The 2026 World Cup group stage is down to its last few games, and the new round of 32 knockout bracket is already starting to take shape. Nineteen teams have punched their tickets so far, meaning 13 spots are still open heading into the final day of group play.

This is the first World Cup with 48 teams, so everything about the knockout rounds is new. The round of 32 replaces the old round of 16 format. That means more games, more chaos, and a lot more teams hanging around late into the group stage who might not have made it under the old system.

The biggest change? Group standings are now decided by head-to-head results instead of goal difference. That shift has already produced a couple of early group winners who locked up their spots after just two matches. No waiting around for tiebreakers when you beat the right team.

The biggest surprise so far

Cape Verde. No question. They finished second in their group and made the knockout stage for the first time in their history. That’s a real story. A tiny island nation with no real World Cup pedigree just walked into a group with bigger names and walked out alive. South Africa also did something they’ve never done before — got out of a group for the first time ever. Two African nations making history in the same tournament is not something anyone predicted.

The most high-profile team to go home early? Probably Uruguay. They’ve got the history and the talent, but it didn’t matter. The new format didn’t save them.

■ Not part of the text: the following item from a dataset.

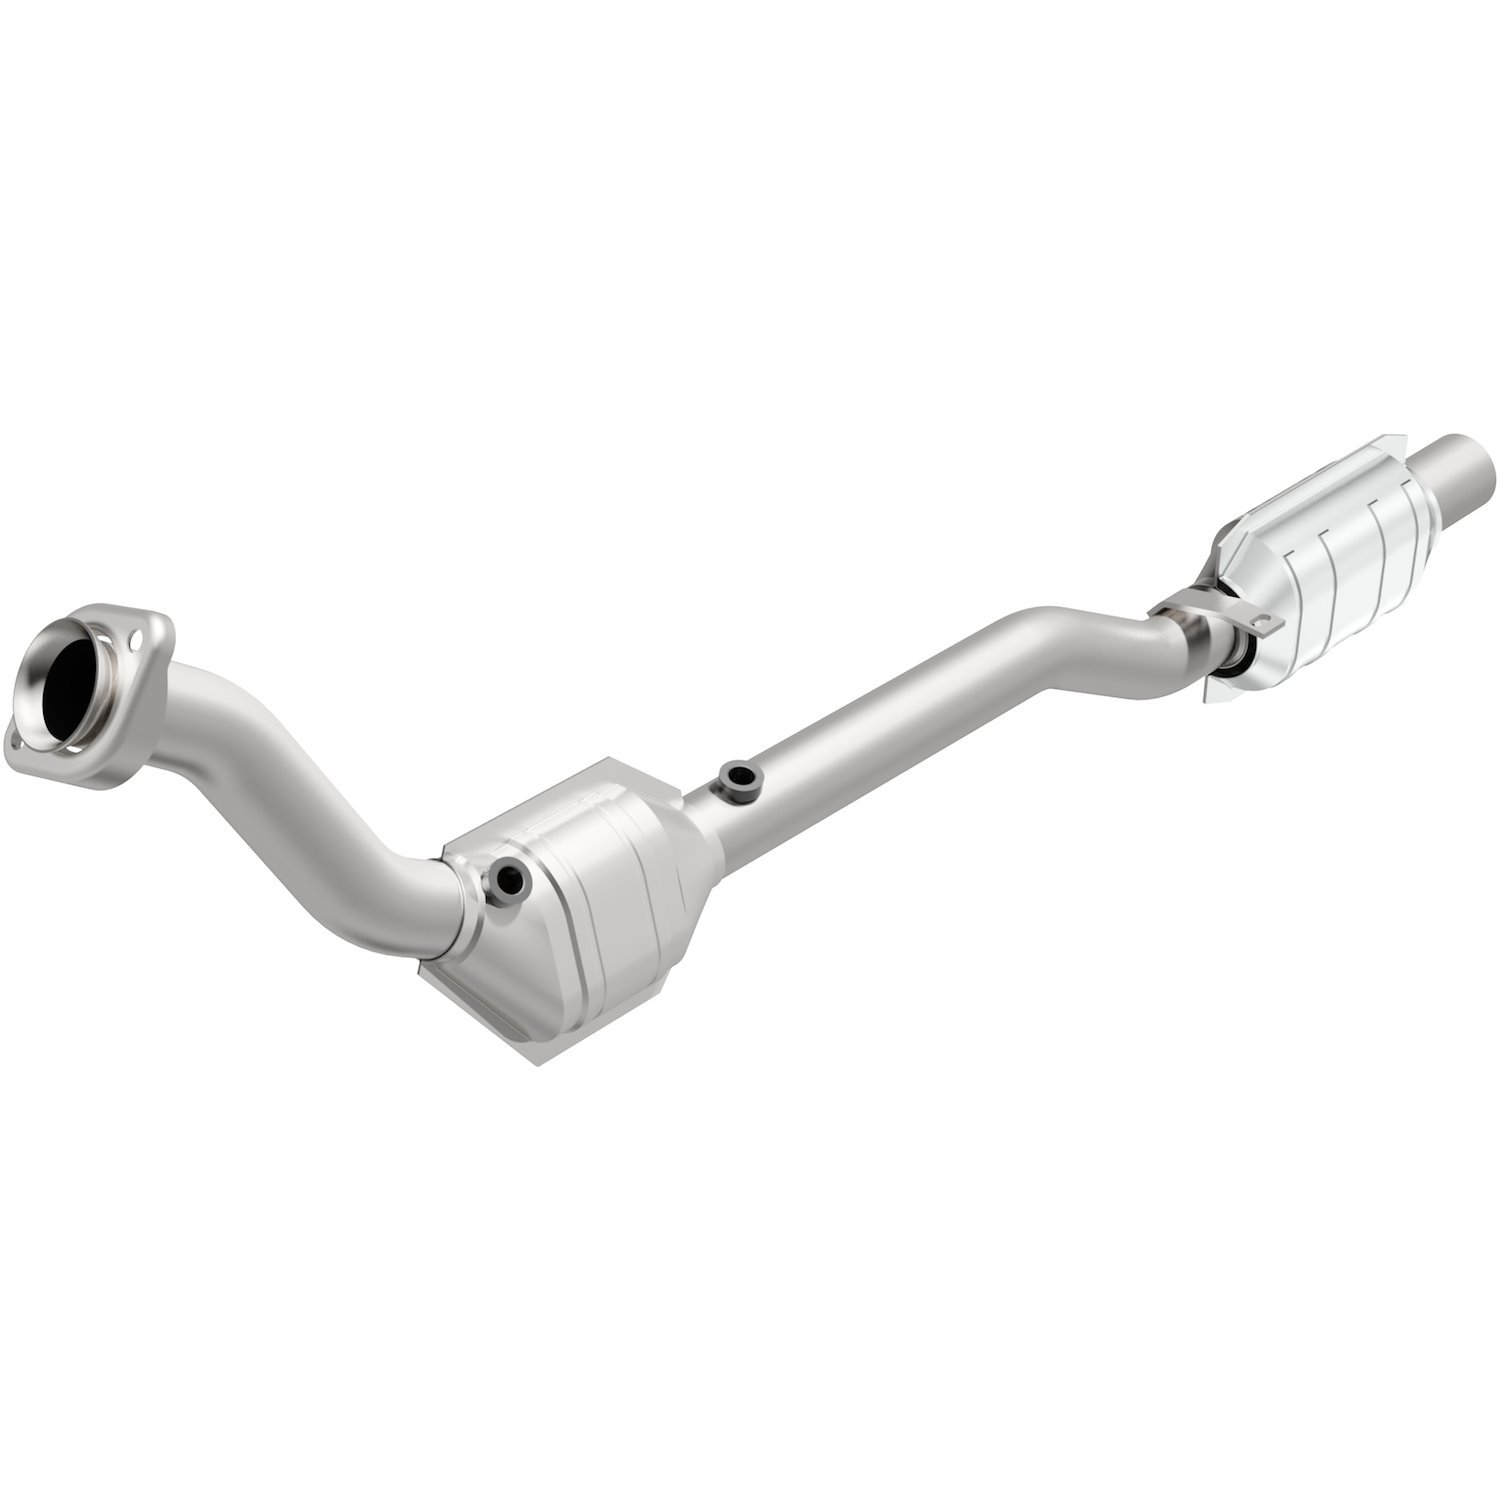 HM Grade Federal / EPA Compliant Direct-Fit Catalytic Converter 93106

Scotland is technically still alive

Scotland has not been eliminated yet, but it’s a long shot. They need three other results to go their way on the final night of group matches. It’s not impossible, but it’s close. Fans are doing the math, refreshing Twitter, hoping for chaos.

What’s left to decide

Thirteen spots are still open. Some groups are wide open, others have one clear favorite left. The final day of group play will sort the rest out. Because of the head-to-head rule, some teams already know they’re through even before kicking off their last game. Others will go into their final match needing a win and maybe a little help.

The round of 32 starts immediately after the group stage wraps. No rest. Just a straight sprint into knockout soccer where one bad half sends you home. That’s the part of this new format that nobody has seen yet — how does a team handle a knockout game against an opponent they’ve never scouted deeply because there are just too many teams in the tournament? We’re about to find out.